- League: National League
- Division: West
- Ballpark: The Astrodome
- City: Houston, Texas
- Record: 83–79 (.512)
- Divisional place: 3rd—tied
- Owners: John McMullen
- General managers: Al Rosen Dick Wagner
- Managers: Bob Lillis
- Television: KTXH HSE
- Radio: KTRH (Gene Elston, Milo Hamilton, Larry Dierker, Jim Durham, Jerry Trupiano)

= 1985 Houston Astros season =

24th season in Major League Baseball for the Houston Astros

The 1985 Houston Astros season was the 24th season for the Major League Baseball (MLB) franchise located in Houston, Texas, their 21st as the Astros, 24th in the National League (NL), 17th in the NL West division, and 21st at the Astrodome. The Astros entered the season as having tied for second place in the NL West with an 80–82 record and 12 games behind the division-champion and NL pennant-winning San Diego Padres.

On April 5, Nolan Ryan made his second Opening Day start for Houston, who hosted the Los Angeles Dodgers and won, 2–1. In the amateur draft, Houston's first round selection was outfielder Cameron Drew at 12th overall. Knuckleball pitcher Joe Niekro earned his 200th win on July 2, and, on July 11, Ryan became the first pitcher to reach 4,000 career strikeouts.

Left fielder José Cruz and Ryan each represented the Astros at the MLB All-Star Game and played for the National League. This was the second career selection for Cruz and seventh for Ryan. Cruz recorded his 2,000th career hit on September 15.

In September, Dick Wagner became the ninth general manager in franchise history, replacing Al Rosen.
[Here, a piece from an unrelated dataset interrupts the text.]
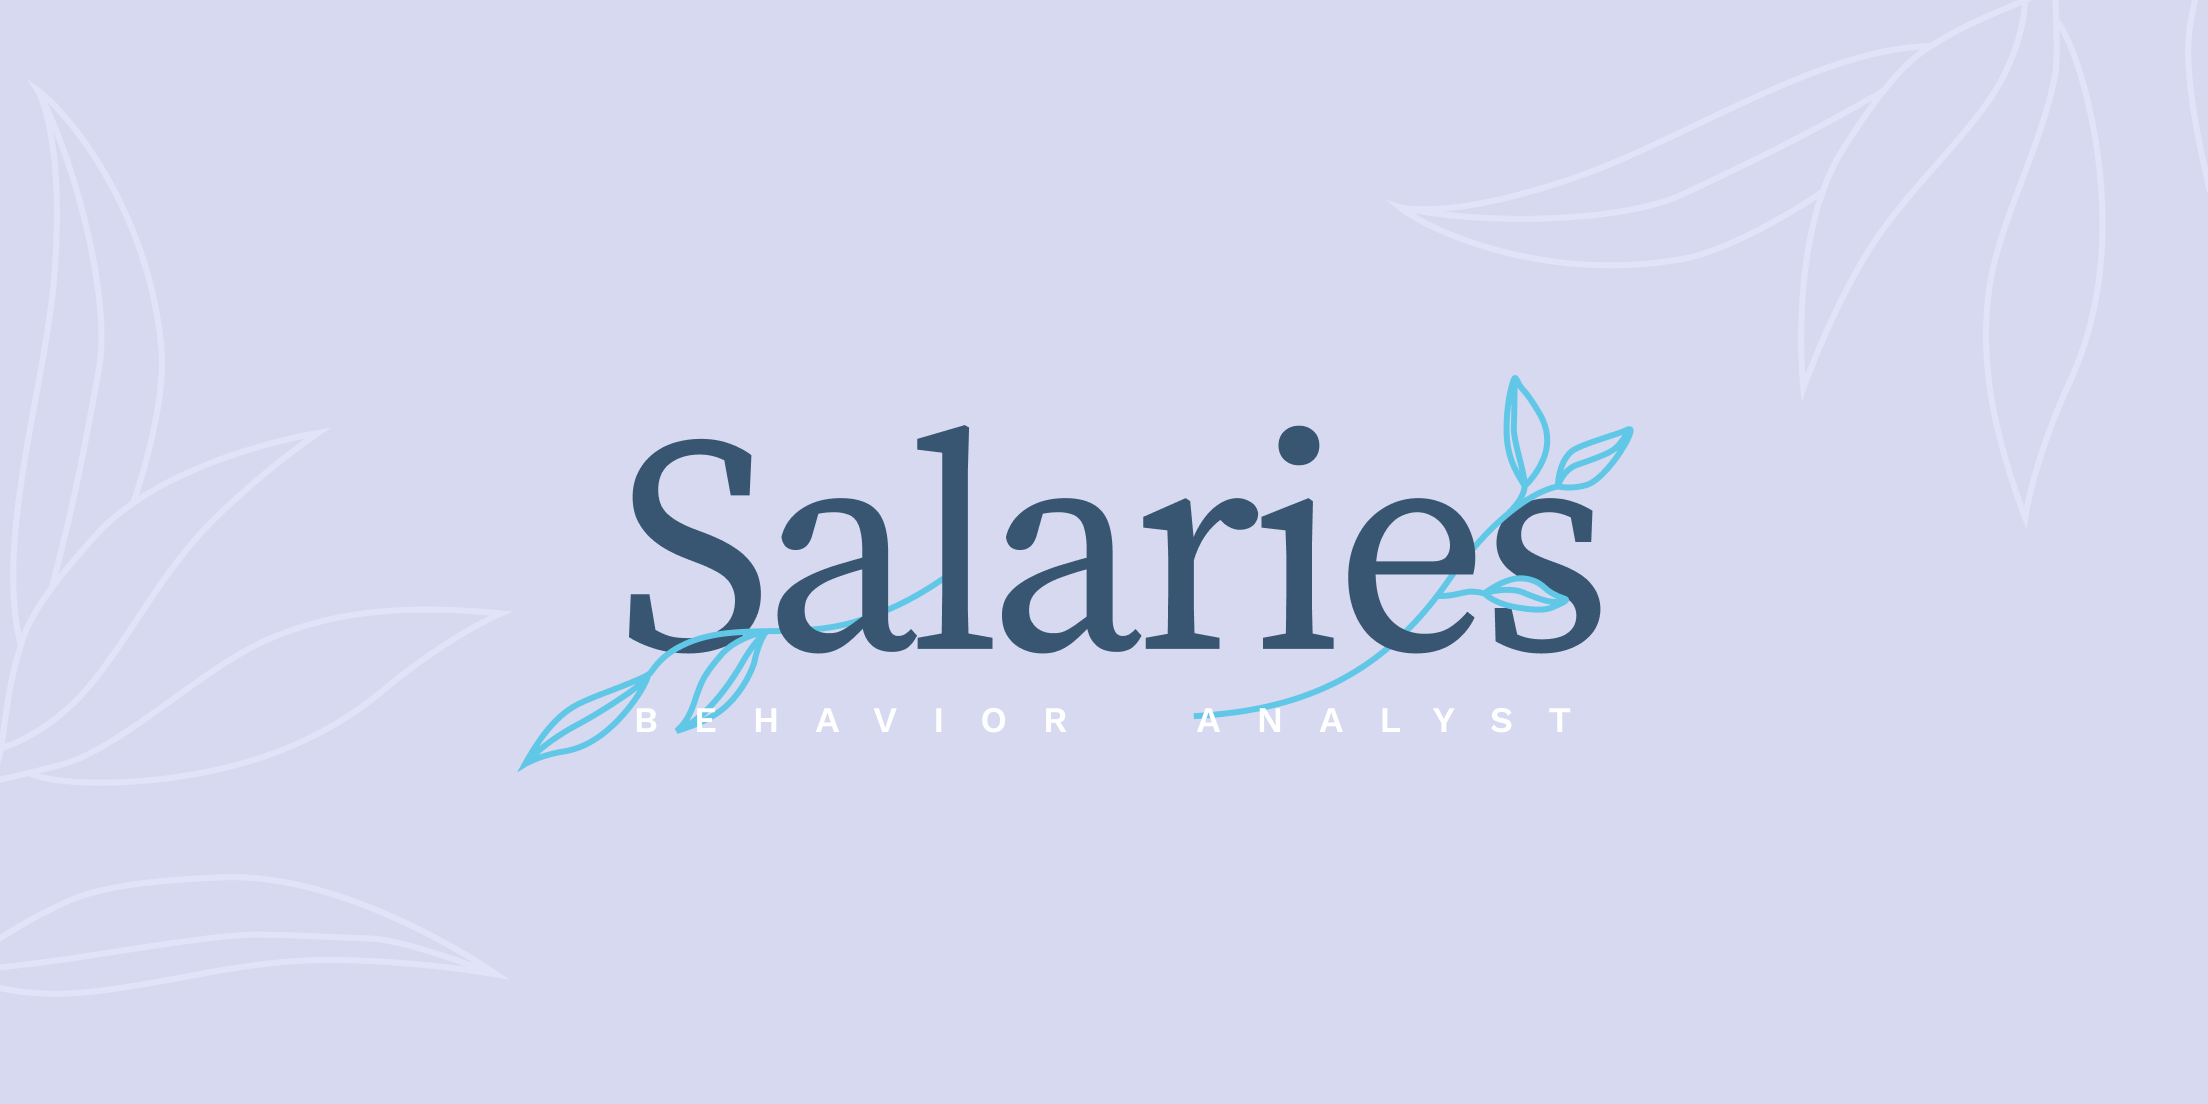 Behavior Analyst Salaries in 2022 (By State)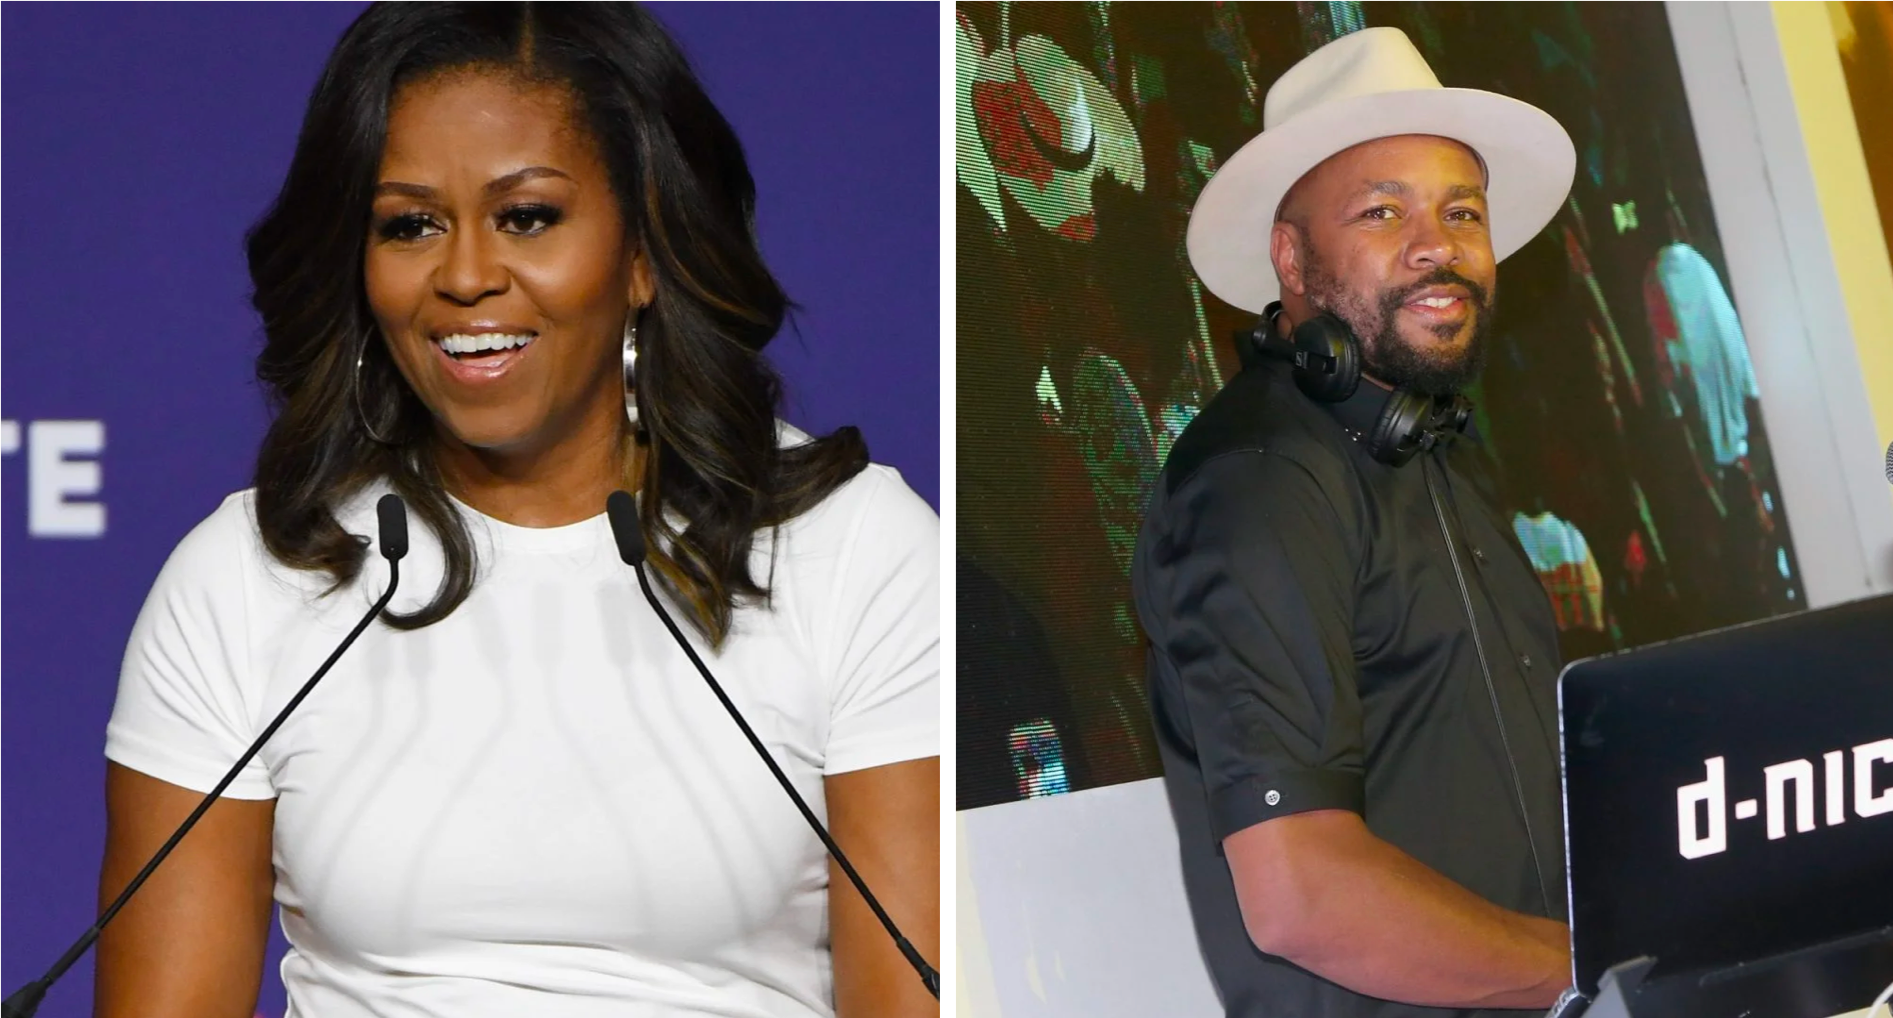 Michelle Obama And DJ D-Nice Are Teaming Up To Throw A Virtual Party

The Astros concluded the season with an 83–79 record, tying for third place with San Diego in the NL West, and 12 games behind Los Angeles, the division-winners.

==Offseason==
- December 3, 1984: Manuel Lee was drafted from the Astros by the Toronto Blue Jays in the 1984 rule 5 draft.

== Regular season ==
=== Summary ===
==== Opening Day ====

Opening Day starting lineup
| Uniform | Player | Position |
| 10 | Dickie Thon | Shortstop |
| 23 | Enos Cabell | First baseman |
| 3 | Phil Garner | Third baseman |
| 25 | José Cruz | Left fielder |
| 28 | Jerry Mumphrey | Center fielder |
| 21 | Terry Puhl | Right fielder |
| 14 | Alan Ashby | Catcher |
| 19 | Bill Doran | Second baseman |
| 34 | Nolan Ryan | Pitcher |
Venue: Astrodome • Final: Houston 2, Los Angeles 1 Sources:

On April 9, Houston celebrated the 20th anniversary of the Opening of the Astrodome, where they hosted the Los Angeles Dodgers and won, 2–1, in front of a crowd of 42,876. Nolan Ryan made his second Opening Day start for the Astros, opposite Fernando Valenzuela, as both hurlers sought to reestablish dominance. Ryan's full power had been usurped by injury—he was limited to 183 2/3 innings pitched, a 12–11 win–loss record and "only" 197 strikeouts—while Valenzuela slumped to a 12–17 record. The gala featured celebrities, events and guests. Micky Mantle, who hit the first-ever home run at Astrodome during an exhibition game with the New York Yankees on same date in 1965, was honored. Sprinter Carl Lewis tossed the ceremonial first pitch. It also featured the return of shortstop Dickie Thon after almost exactly one year, who had been ominously struck in the temple by a pitch from Mike Torrez, resulting in an orbital fracture and an absence for the remainder of the season.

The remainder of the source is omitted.